The tax suit arose following disagreement between PPNL, a firm that “engages in the business of trading in imported plastics and petrochemicals,” and the FIRS on the Transfer Pricing Documentation filed by the PPNL “for 2013 and 2014” concerning the PPNL’s “transaction with a related company, Vinmar Overseas Limited (VOL)”.
While the PPNL “adopted the Comparable Uncontrolled Price (CUP) for its filing, the FIRS insisted that the Transactional Net Margin Method (TNMM) was the correct tax assessment tool to apply in this particular case.
Responding to the arguments adduced against it by PPNL at the tax tribunal, the FIRS stated that PPNL “misrepresented information” to the Service “by stating that Vinmar International Limited (VIL) only engages in information collection and liaising activities on one hand, and on the other hand, its submission to the Tribunal stated that VIL engages in sales of similar products as itself the Appellant.”
This “misinformation”, according to the FIRS, indicated that “the controlled transactions with VIL were not at arm’s length” as claimed by the PPNL, hence cannot serve as a basis for calculating the PPNL tax liability and the reliefs sought by the firm at the tax tribunal.
Adducing documentary evidence to support its claims, the FIRS told the tribunal that the PPNL assertions “in this matter is peppered with approbation and reprobation” and amounted to speaking from “both sides of the mouth” because PPNL itself admitted in both oral and documentary evidences before the tribunal that its “use of CUP method in 2013 was done in error” hence the Appellant “changed the method from CUP to TNMM in 2014.”

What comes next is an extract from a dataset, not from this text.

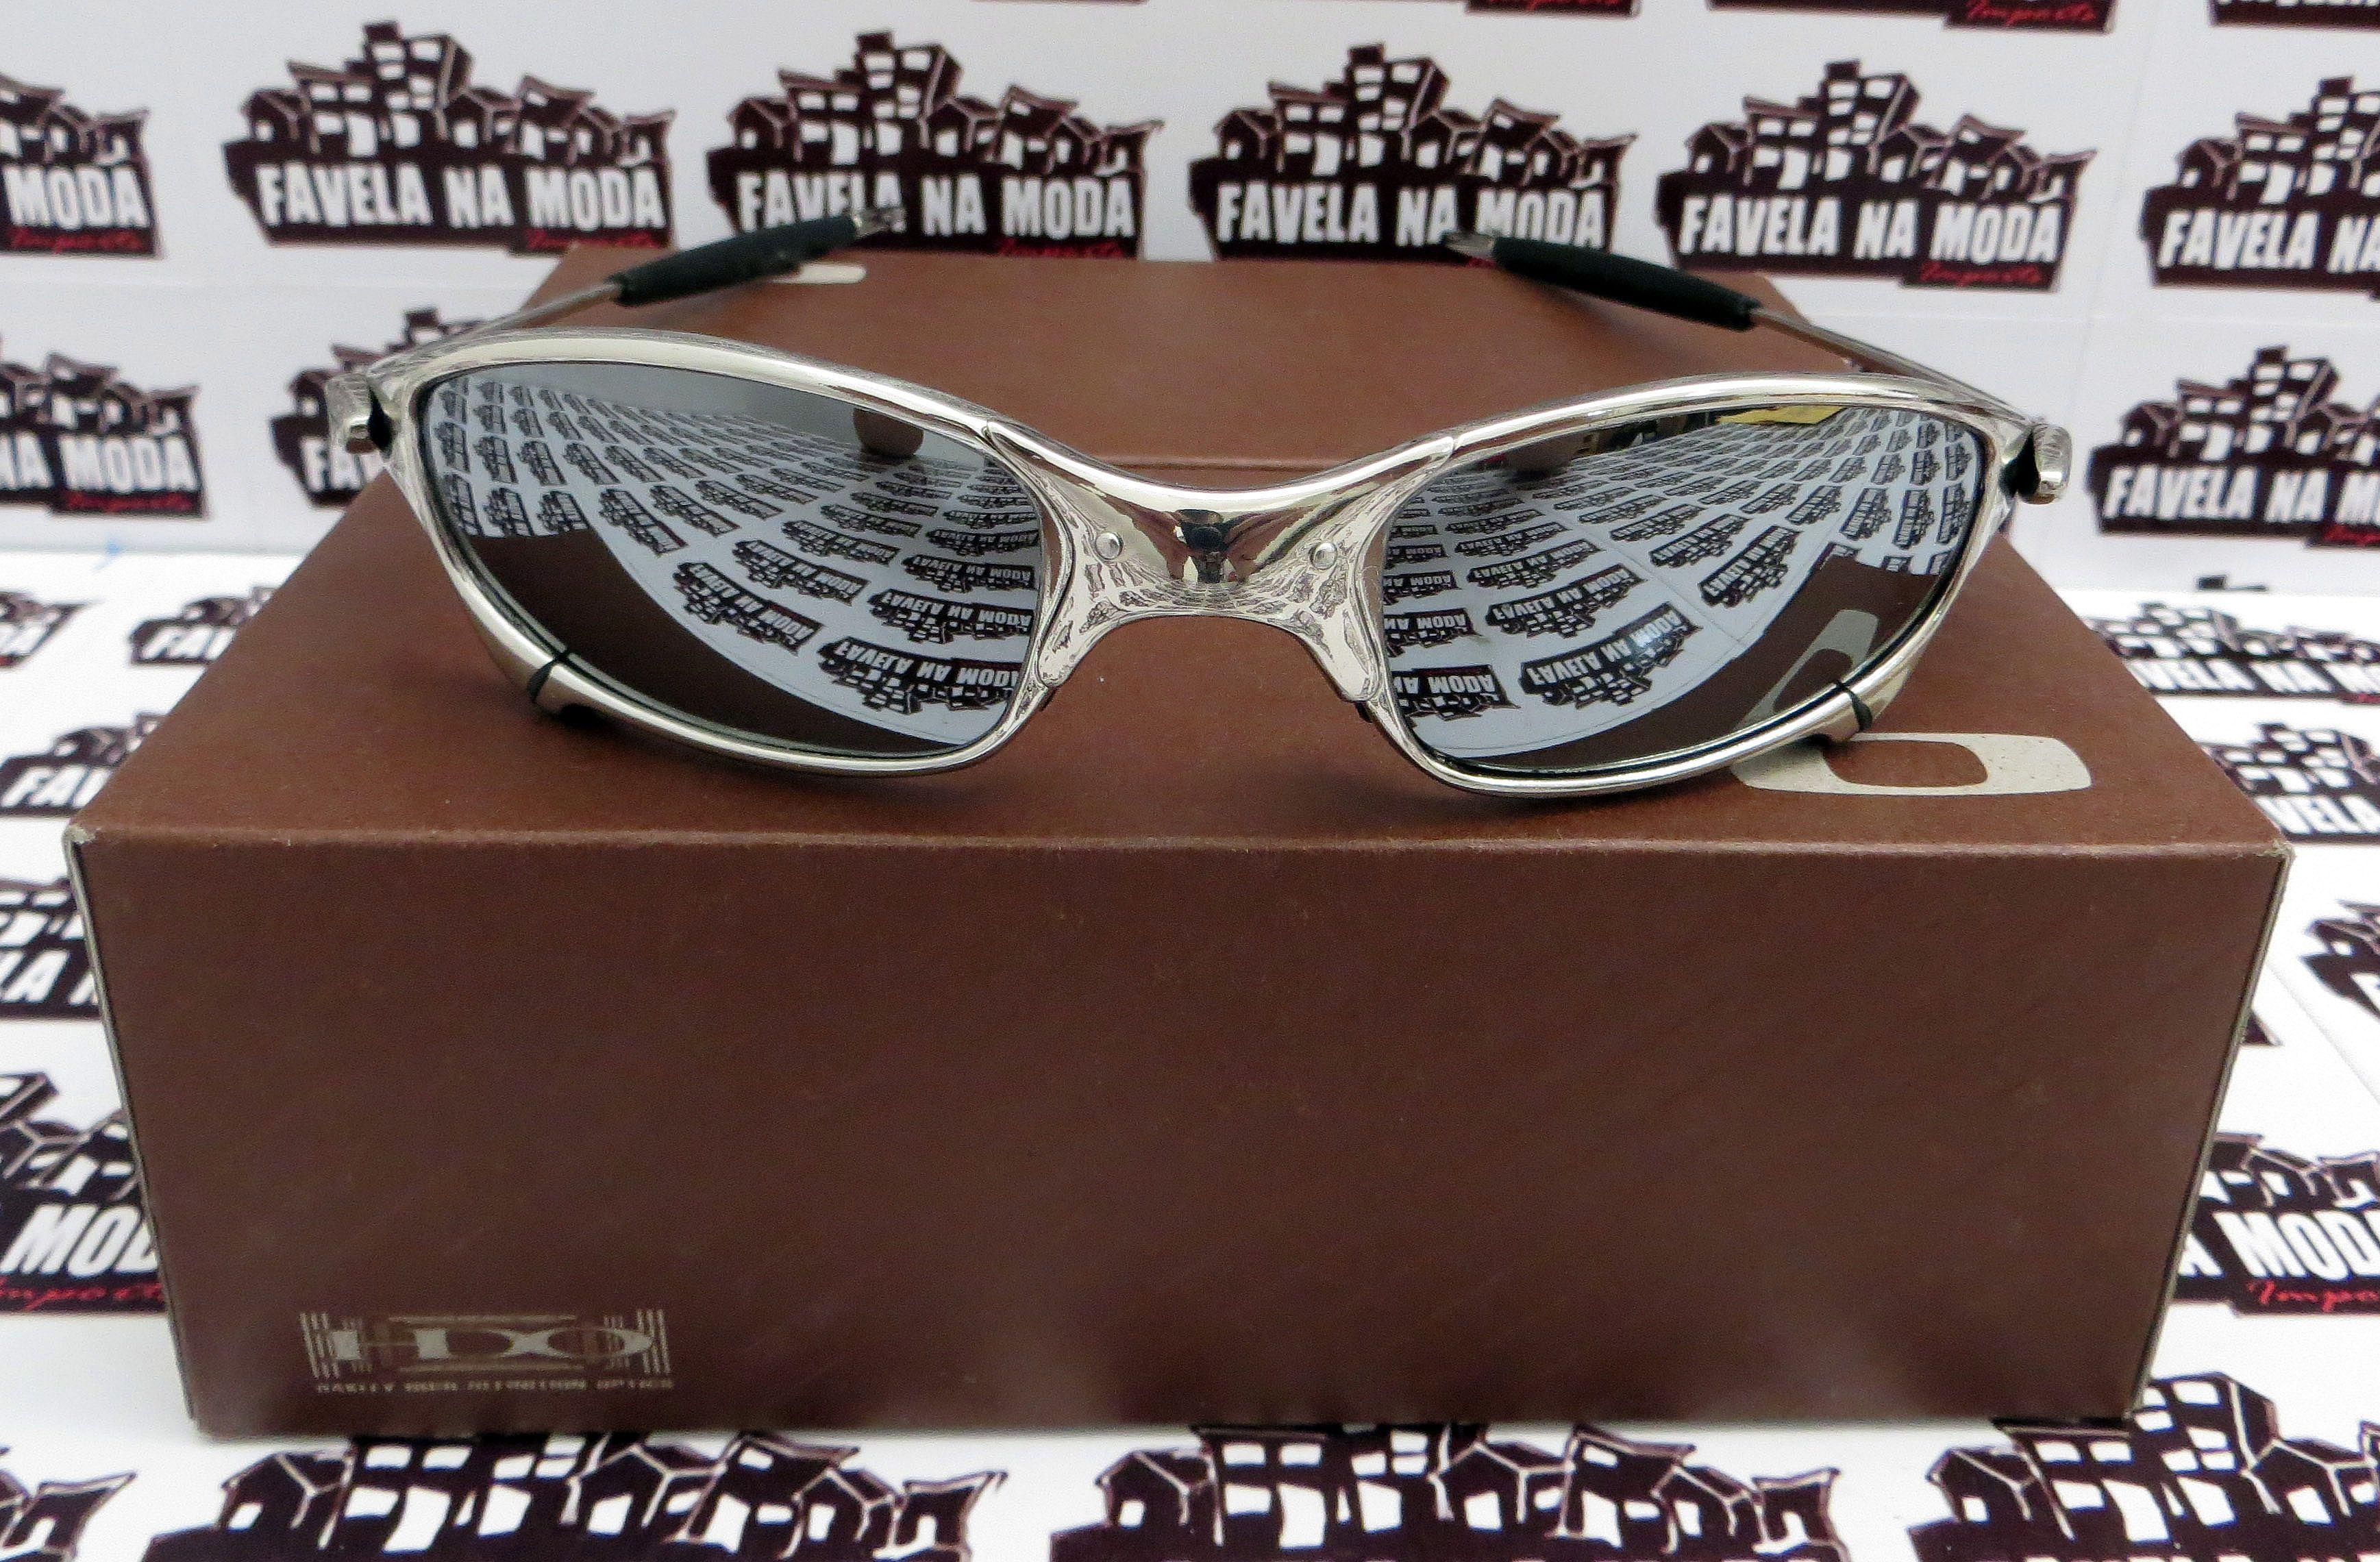 bce24959a Óculos Oakley Juliet - Polished / Liquid Metal / Borrachas Pretas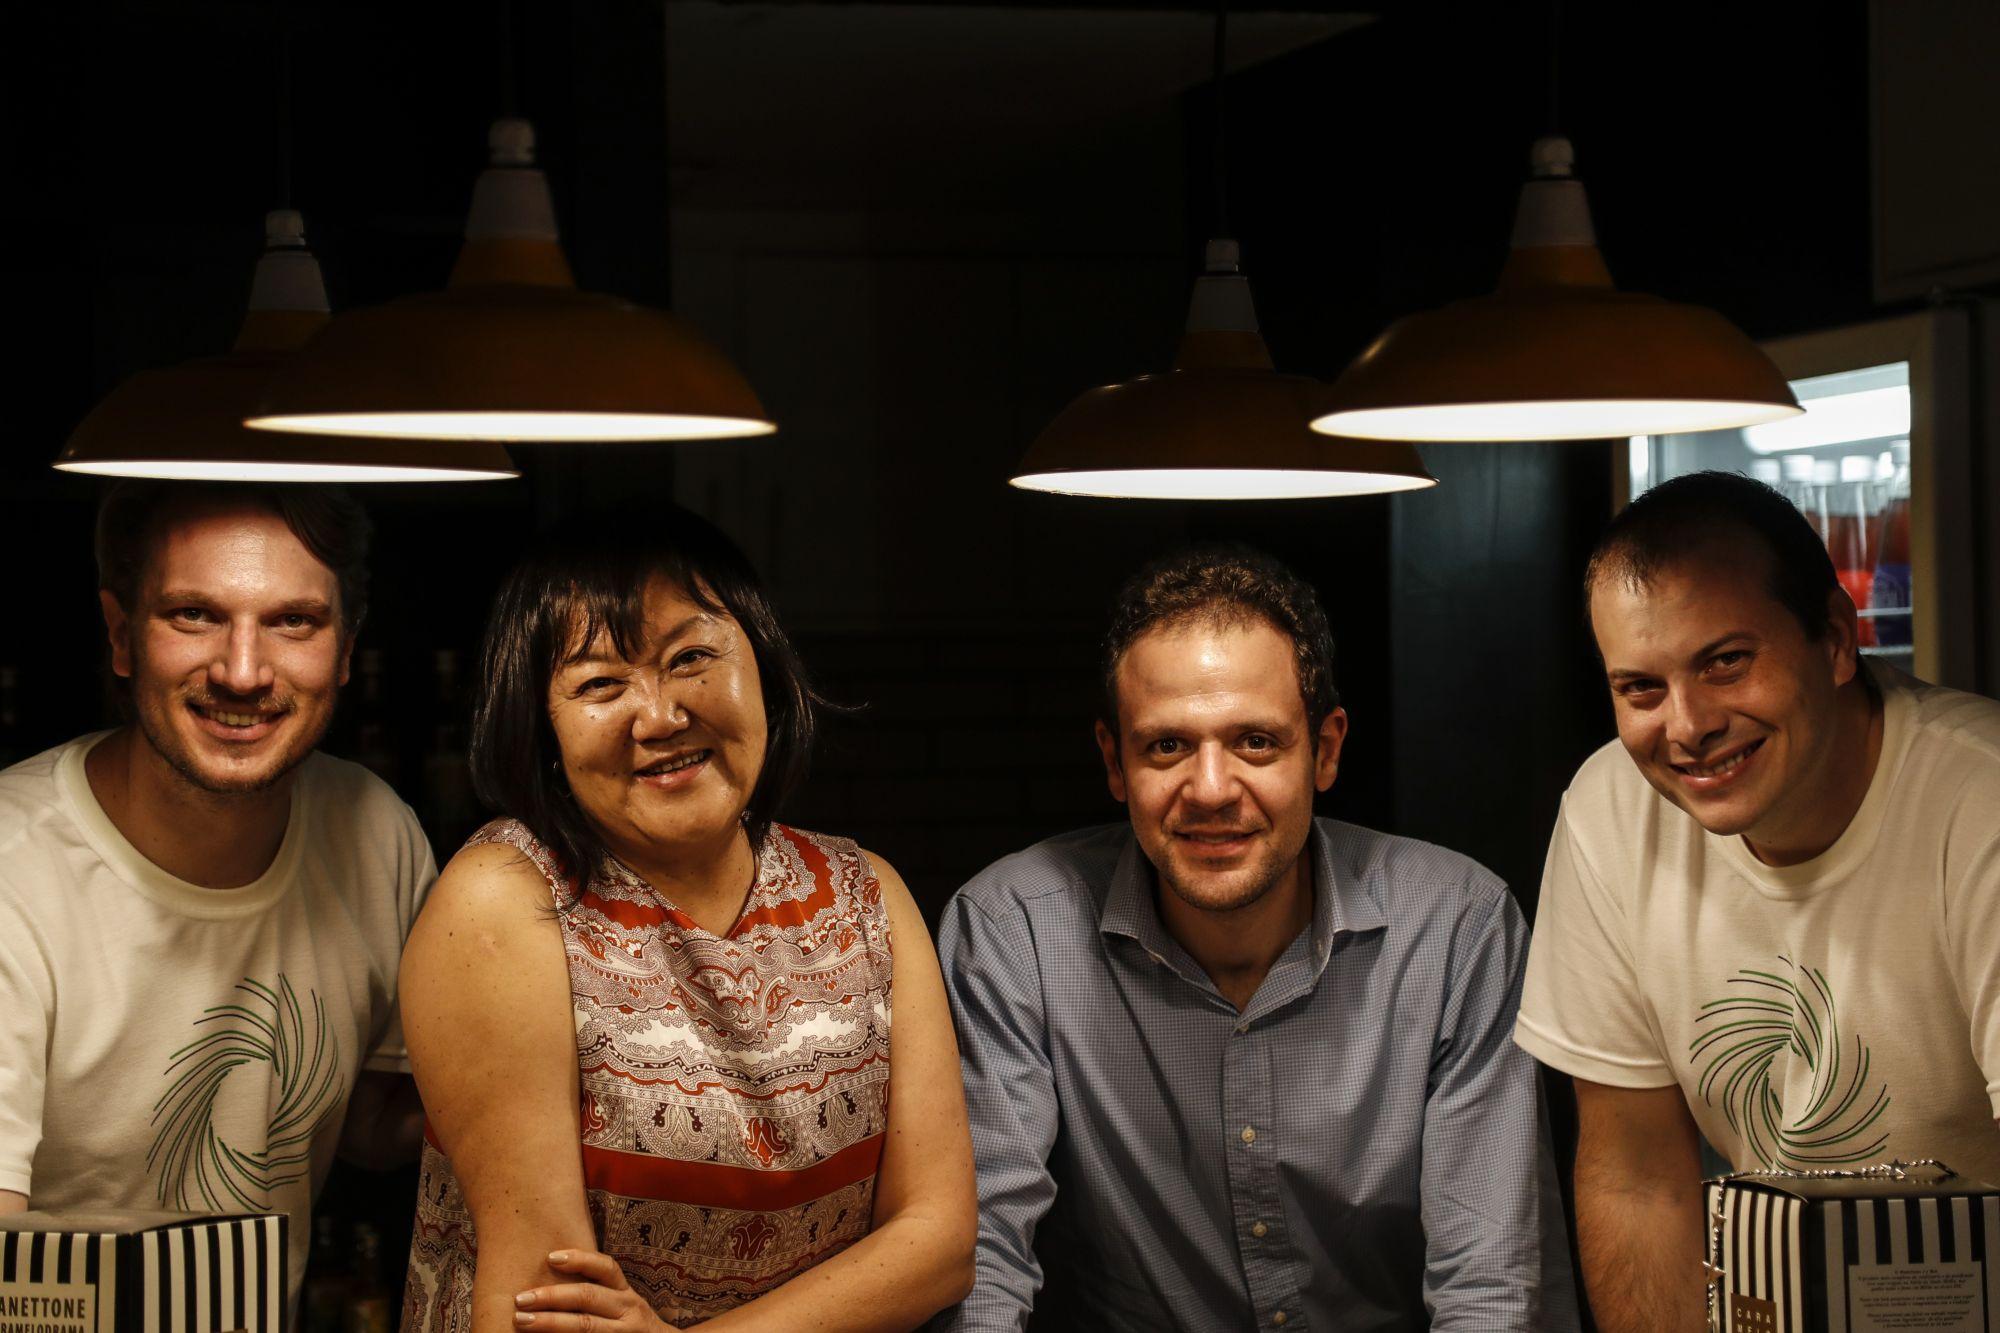 Os sócios, a partir da esquerda: Luiz Mileck, Soon Hee Han, Paulo Celles e Renato Bedore. Foto: Jonathan Campos/Gazeta do Povo

In a submission which appeared to lend credence to a recent revelation by the Executive Chairman FIRS, Mr. Muhammad Nami, that multinationals operating in Nigeria have perfected a complex web of profit-shifting, especially in transactions linked with offshore corporate entities, the FIRS averred that “actual profits reported by the Appellant (PPNL) were well below what comparable entities operating at arm’s length would report.”
In what may be seen as modus operandi adopted by tax evading corporate organisations in the country, the FIRS averred before the tribunal that “having professionally reviewed the benchmarking analysis” of PPNL, it found that the firm adopted the “strategy of cherry-picking comparables” and the Service “discovered that the company failed to use the appropriate profit-level indicators (PLI) thereby producing wrong arm’s length prices for the controlled transactions.”
In its judgment, the tribunal averred that “the only point of divergence between the Appellant and Respondent was the appropriateness of using Net Profit or EBIT/Operating Revenue as Profit Level Indicator (PLI) or Gross Profit/Operation Revenue for the purpose of TNMM.”
After a detailed consideration of “the facts of the case” as adduced by both PPNL and the FIRS, the five-member tax tribunal chaired by Prof, A.B. Ahmed, resolved all five issues raised in favour of the FIRS, submitting that “the appeal filed by the Appellant is hereby dismissed in its entirety.”